╭─ DATASET EXCERPTS

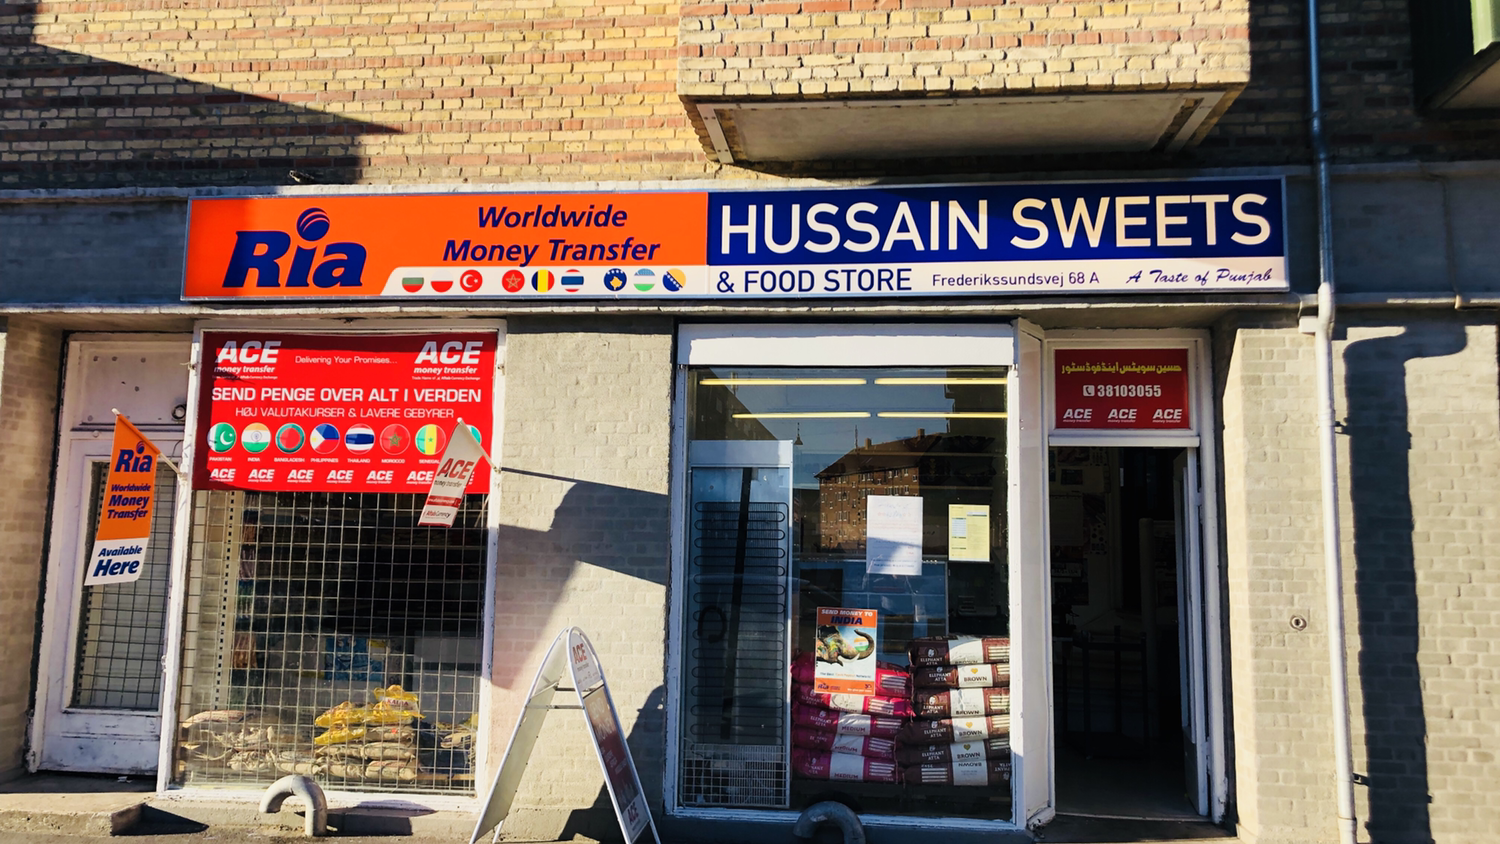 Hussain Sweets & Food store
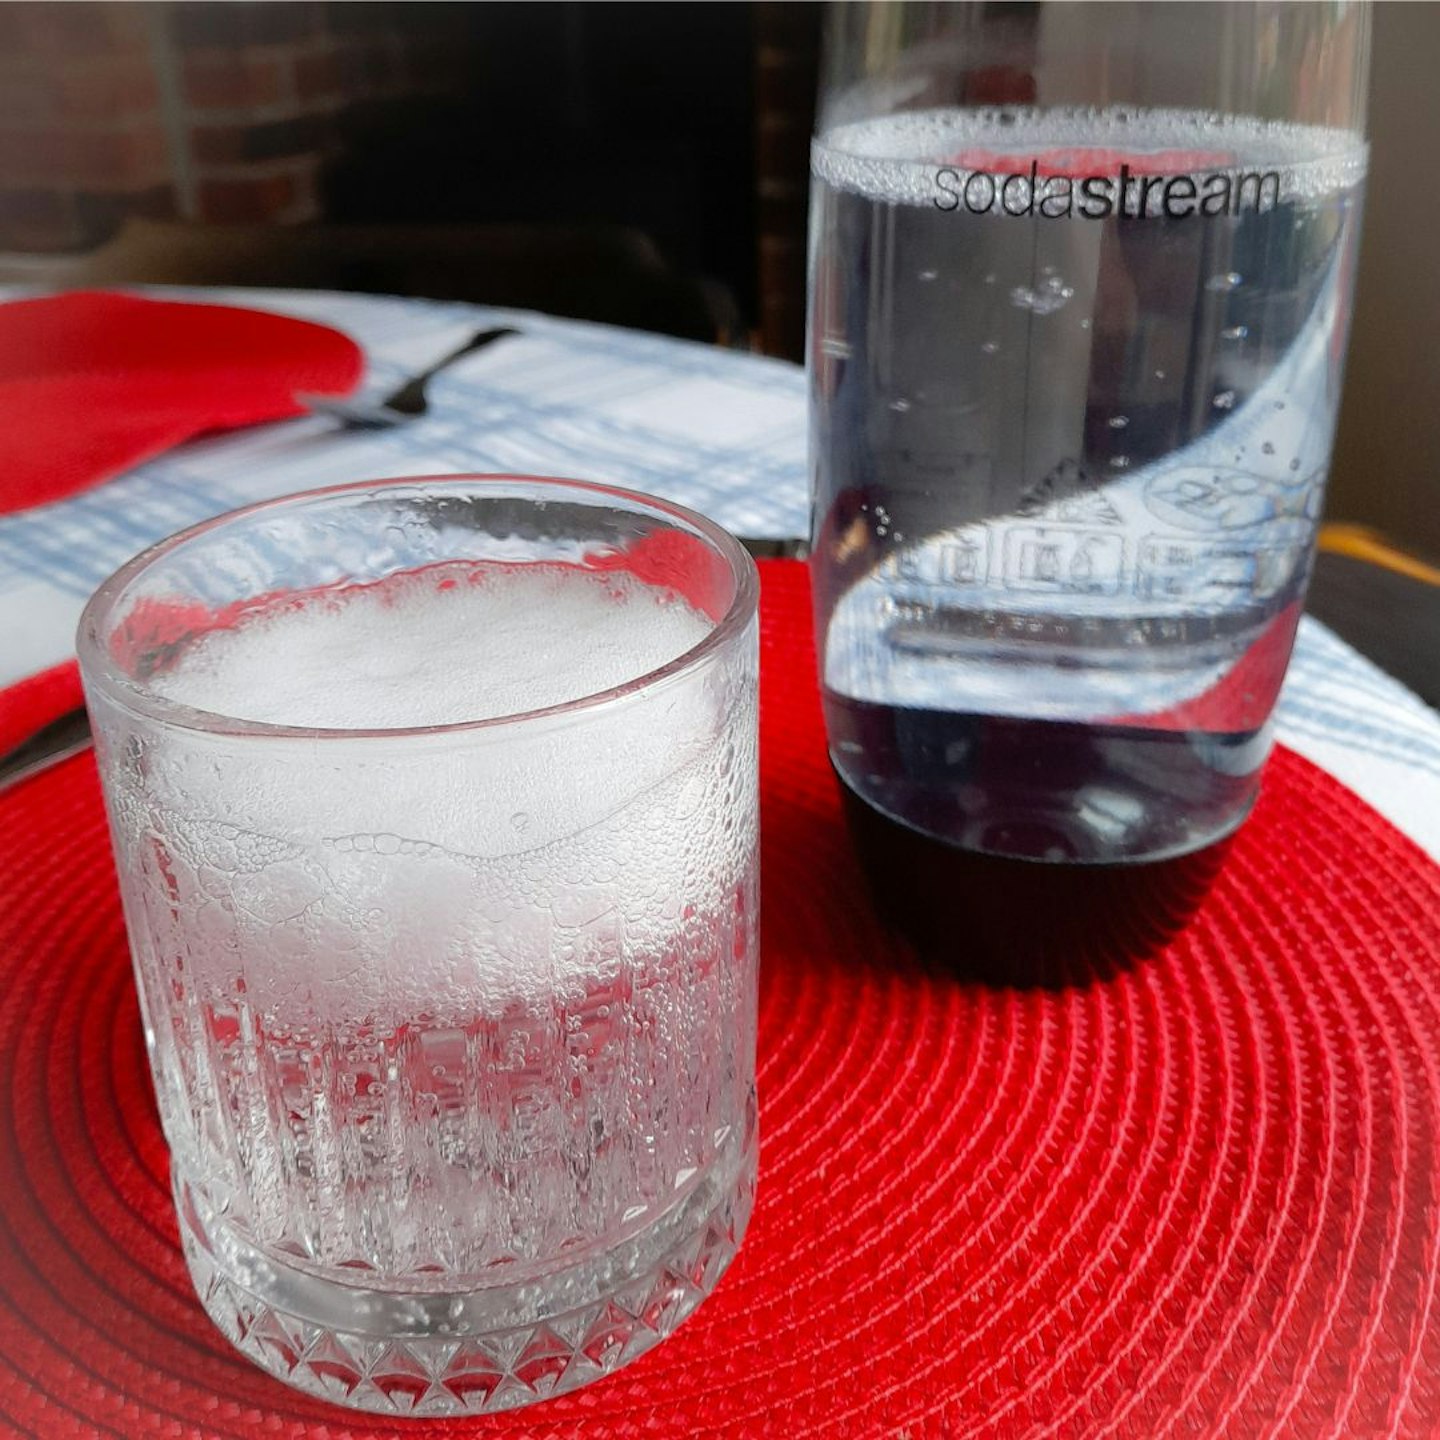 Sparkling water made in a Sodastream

╰─
╭─ DATASET EXCERPTS

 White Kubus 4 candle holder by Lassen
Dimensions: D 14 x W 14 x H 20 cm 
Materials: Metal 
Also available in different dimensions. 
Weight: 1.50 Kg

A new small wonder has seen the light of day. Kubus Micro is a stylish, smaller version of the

╰─
╭─ DATASET EXCERPTS

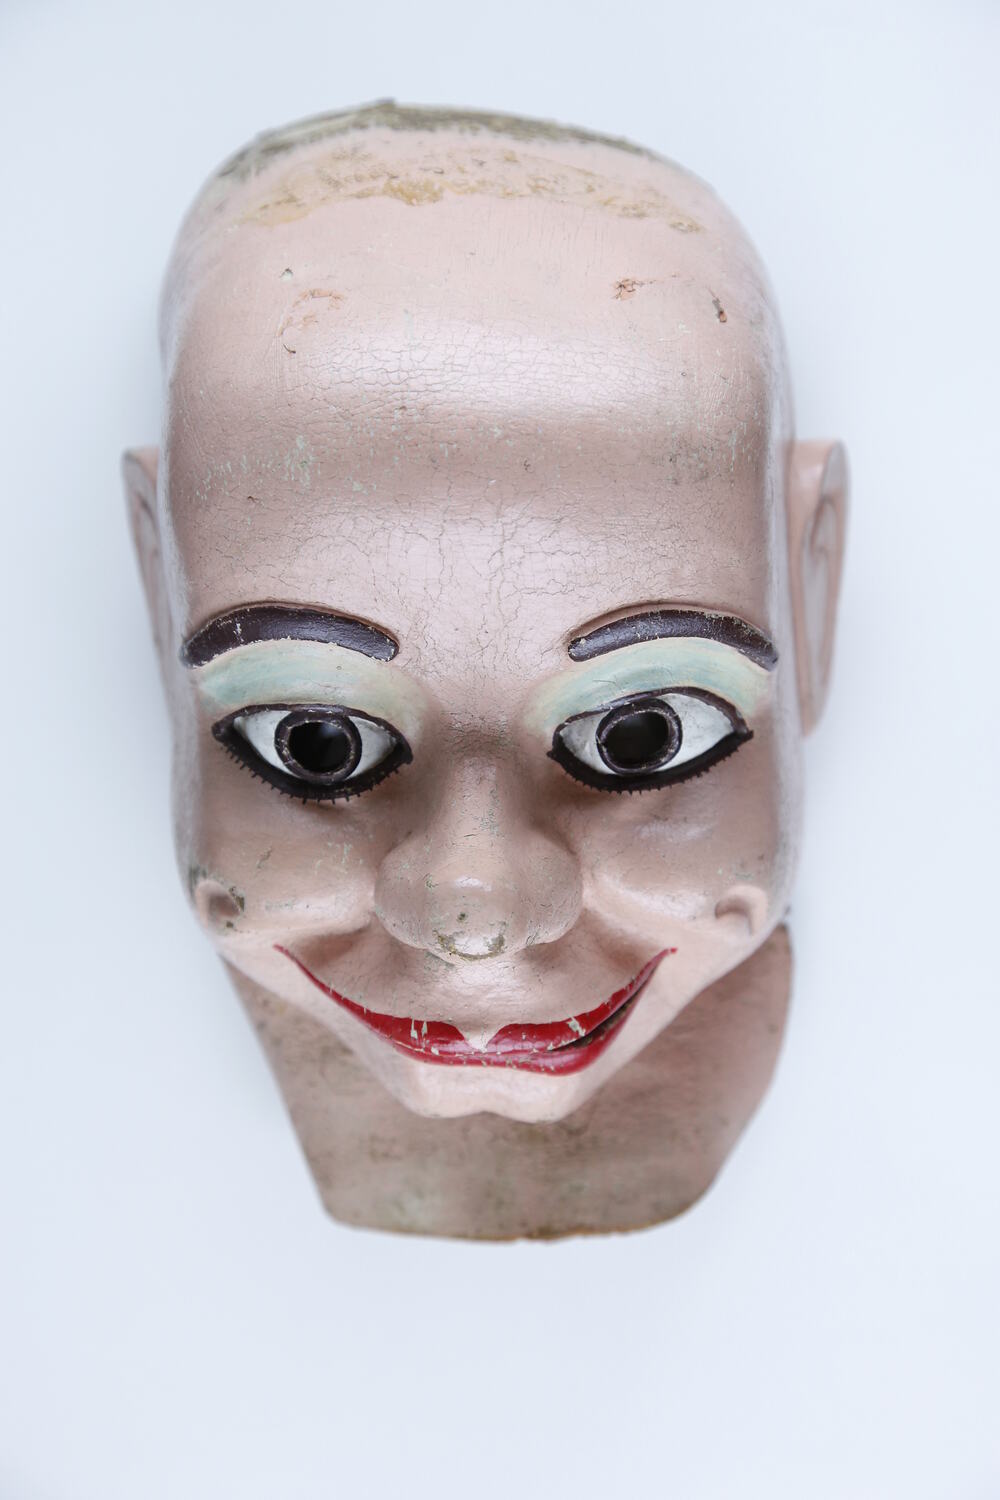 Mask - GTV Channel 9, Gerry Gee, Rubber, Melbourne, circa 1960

╰─

Go through the data and count every line where the word "Kubus" appears. Give only that count.

2